В XVII веке французский философ и математик Блез Паскаль писал о необъятности Вселенной:
Пусть человек созерцает Природу во всем ее обширном великолепии; пусть отстранит от своих глаз низменные предметы, что окружают его, и увидит ослепительный свет, озаряющий мир подобно вечному маяку; пусть Земля предстанет перед ним как малая точка, лежащая в границах огромного круга, описываемого этой звездой, и пусть он затрепещет при мысли, что эта бескрайняя окружность сама по себе кажется лишь малой песчинкой с точки зрения тех звезд, что движутся по небосводу.

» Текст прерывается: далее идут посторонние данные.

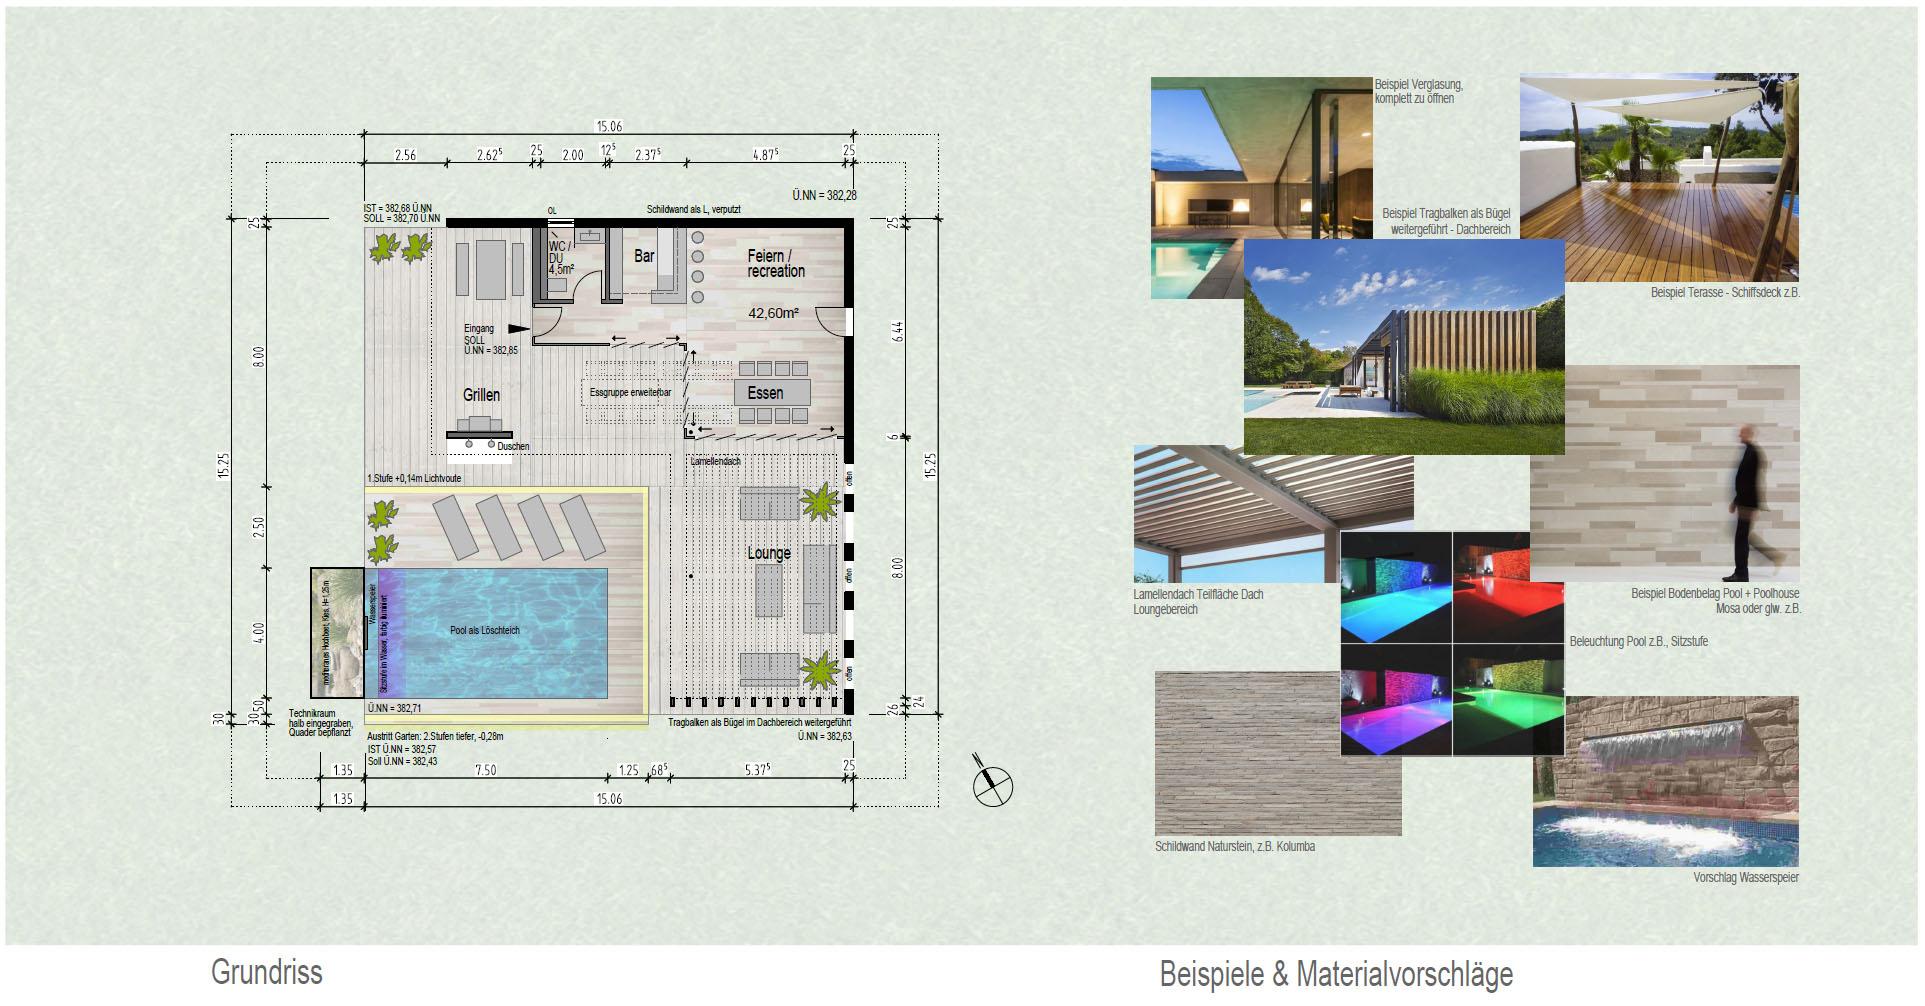 Poolhouse Michel

Пораженный и смущенный этими раздумьями, Паскаль признавался, что его страшит «вечное безмолвие этих бесконечных пространств». Он размышлял о пространстве внешнем, о космосе, однако нам достаточно мысленно обратиться внутрь себя, чтобы разделить его страх. У каждого из нас внутри черепа располагается орган столь неизмеримо сложный, что его вполне можно назвать бесконечным.
Я сам нейробиолог и в свое время лично ощутил этот паскалевский ужас. Ощущал я и связанное с ним смущение. Иногда мне приходится публично выступать, рассказывая о положении дел в нашей сфере науки. После одного из таких выступлений меня буквально засыпали вопросами. Что вызывает депрессию и шизофрению? В чем необычность мозга Эйнштейна или Бетховена? Как научить моего ребенка лучше читать? Мои ответы не удовлетворили слушателей, и я увидел разочарование на их лицах. Наконец я со стыдом извинился перед аудиторией. «Простите, – сказал я. – Вы подумали, что я профессор, поскольку многое знаю. Но на самом деле я профессор, потому что знаю, как многого я не знаю».
Попытки изучить такой сложный объект, как мозг, могут показаться едва ли не тщетными. Миллиарды его нейронов напоминают деревья множества пород и имеют фантастические очертания. Лишь самые целеустремленные исследователи надеются хотя бы одним глазком заглянуть внутрь этого леса, но даже они видят очень мало и очень плохо. Неудивительно, что мозг остается загадкой. Моих слушателей интересовали дефектные или гениальные мозги, но даже обычная работа обычного мозга еще ждет своего исчерпывающего объяснения. Каждый день мы вспоминаем прошлое, воспринимаем настоящее, воображаем будущее. Каким образом наш мозг справляется со столь непростыми задачами? Пожалуй, тут есть пока лишь один уверенный ответ: никто этого по-настоящему не знает.
Устрашенные сложностью человеческого мозга, многие нейробиологи предпочли изучать животных, поскольку нейронов у них значительно меньше, чем у человека. Червь, изображенный на рис. 2, лишен того органа, который мы именуем мозгом. Нейроны у него рассеяны по всему телу, а не сосредоточены в отдельном органе. Вместе они образуют нервную систему, состоящую всего из трех сотен нейронов. Что ж, с этим еще можно попробовать справиться. Наверняка даже Паскаль, с его склонностью к депрессии при мысли о бесконечной сложности природы, не испугался бы нейронного леса червя Caenorhabditis elegans (С. еlegans) – так по-научному называется этот червячок длиной всего один миллиметр.
Рис. 2. Круглый червь С. elegans
Каждый нейрон этого червя имеет характерное местоположение, форму и даже имя, присвоенное специалистами. Черви в чем-то подобны станкам, массово изготавливаемым на конвейере. У любого имеется нервная система, состоящая из одного и того же набора деталей, и эти детали всегда расположены одинаково.
Более того, существует полная карта этой стандартизированной нервной системы. Результат (см. рис. 3) напоминает летную карту из тех, что встречаются на последних страницах журналов, выпускаемых авиакомпаниями. Четырехбуквенное имя каждого нейрона похоже на буквенный код, имеющийся у каждого аэропорта мира (правда, аэропортам присваивают трехбуквенные). Линии отражают связи между нейронами, подобно тому как линии на летной карте соответствуют маршрутам между городами. Мы называем два нейрона «связанными», если в точке, где они соприкасаются, есть небольшой стык, сочленение, именуемое синапсом. Через синапс один нейрон отправляет послания другому.